Subglacial discharge-driven exchange flow over submarine sills in a glacial fjord: LeConte Bay, Alaska

Alexander Hager1, David Sutherland1, Rebecca H Jackson2, Christian Kienholz3, Jonathan D Nash4, Jason M Amundson3 and Roman J Motyka5, (1)University of Oregon, Department of Earth Sciences, Eugene, OR, United States, (2)Rutgers University, New Brunswick, NJ, United States, (3)University of Alaska Southeast, Juneau, AK, United States, (4)Oregon State University, Corvallis, OR, United States, (5)Univ Alaska-Geophysical Inst, Juneau, AK, United States
Bathymetry and subglacial discharge plumes are dominant controls on glacial fjord circulation, and thus advection of heat to glacier termini. Submarine sills at the mouth regulate fjord-shelf exchange flow, which is enhanced by entrainment of ambient fjord water into subglacial discharge plumes.
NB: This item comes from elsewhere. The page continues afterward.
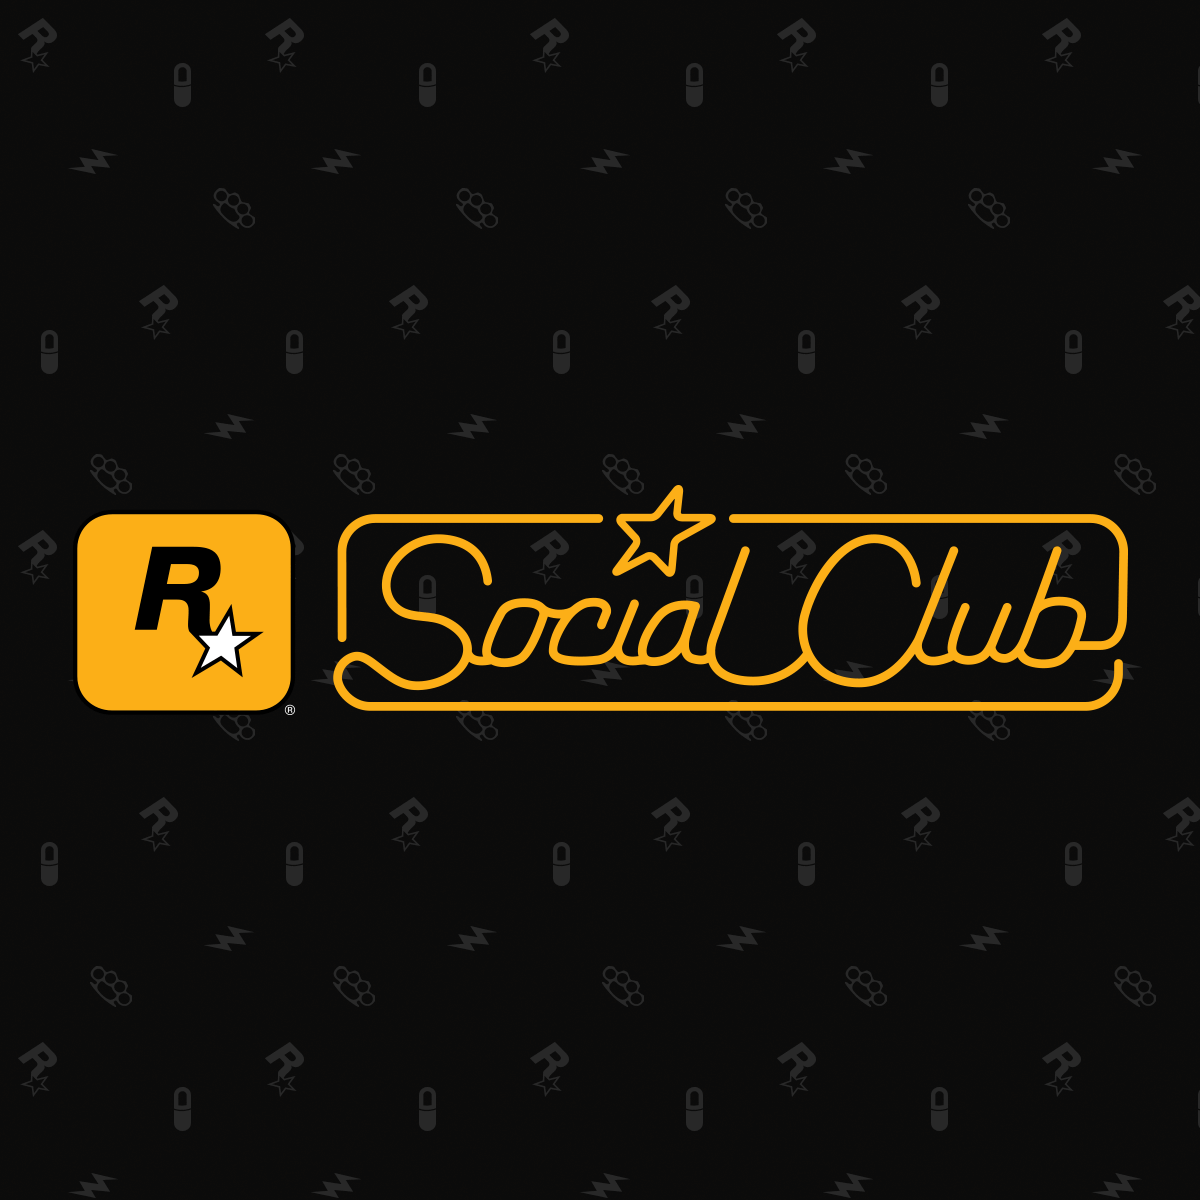 Известная компания Rockstar Games решила удалить брендинг Social Club со своего сайта, что вызвало предположения о готовящемся выпуске трейлера игры GTA 6.-2

It should therefore be expected that variations in subglacial discharge on diurnal to seasonal timescales are reciprocated by similar fluctuations in sill-modulated exchange flow, an assertion we explore at LeConte Bay, a shallow-silled glacial fjord in Alaska. We pair a suite of observations taken over two years with numerical model experiments to examine the interplay between temporally varying discharge and sill-modulated fjord renewal and exchange flow. Early results suggest LeConte Bay reaches an overmixing limit by mid-June, at which the depth of the outflowing plume is great enough to impose a hydraulic control at the fjord mouth, limiting exchange flow. Variations in discharge at LeConte Bay may therefore affect exchange flow in early summer, but not in late summer when the fjord is overmixed. If true, the overmixed condition would inhibit discharge-driven fjord renewal, despite substantially higher discharge in late summer, and shield the glacier terminus from a mechanism of heat transport.